Thom's gradient conjecture for nonlinear evolution equations

TL;DR

This paper proves Thom's gradient conjecture for nonlinear evolution equations on Riemannian manifolds, confirming unique limiting directions and characterizing convergence rates in both finite and infinite dimensional contexts.

Contribution

It extends Thom's gradient conjecture to infinite dimensional problems involving geometric PDEs, providing a comprehensive analysis of limiting directions and convergence rates.

Findings

Confirmed uniqueness of limiting directions for nonlinear evolutions.

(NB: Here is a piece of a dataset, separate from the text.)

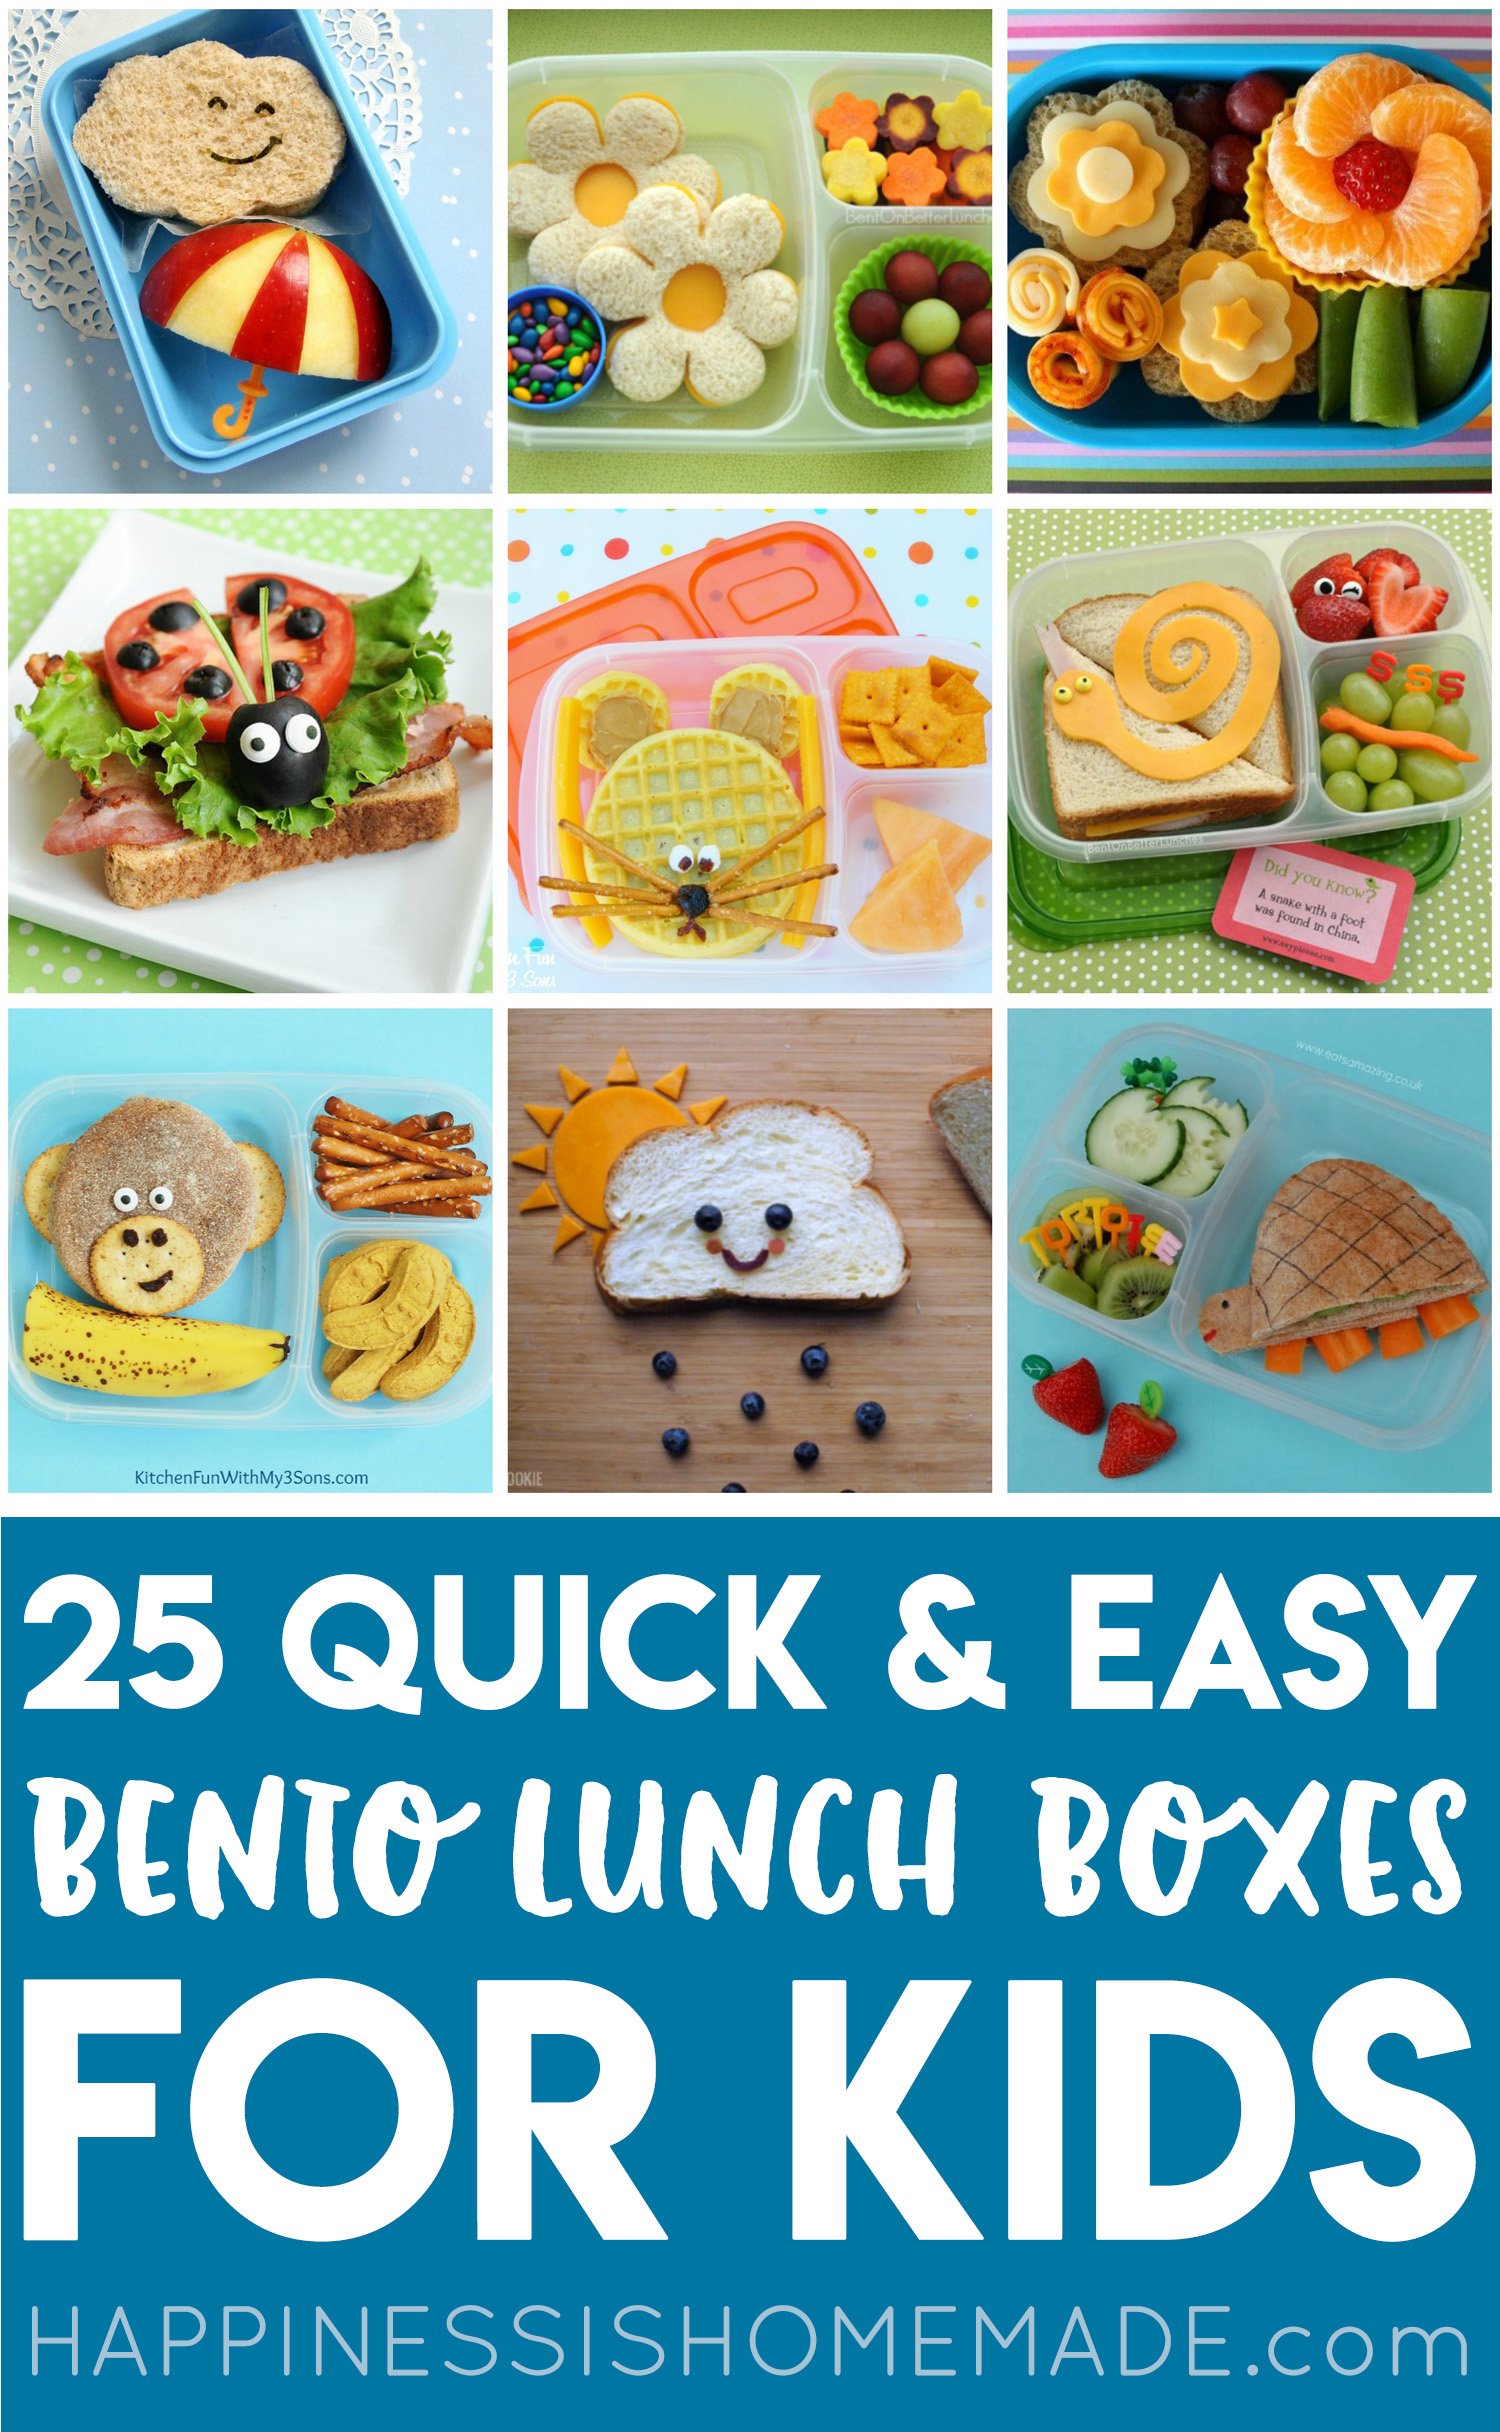 25 quick and easy bento lunch boxes

Characterized convergence rates in classical and infinite dimensional settings.

Applied results to geometric PDEs like minimal surface and harmonic map flows.

Abstract

R. Thom's gradient conjecture states that if a gradient flow of an analytic function converges to a limit, it does so along a unique limiting direction. In this paper, we extend and settle this conjecture in the context of infinite dimensional problems. Building on the foundational works of {\L}ojasiewicz, L. Simon, and the resolution of the conjecture for finite dimensional cases by Kurdyka-Mostowski-Parusinski, we focus on nonlinear evolutions on Riemannian manifolds as studied by L. Simon. This framework includes geometric PDEs such as minimal surface, harmonic map, mean curvature flow, and normalized Yamabe flow. Our main result not only confirms the uniqueness of the limiting direction but also characterizes the rate of convergence and possible limiting directions for both classical and infinite dimensional settings.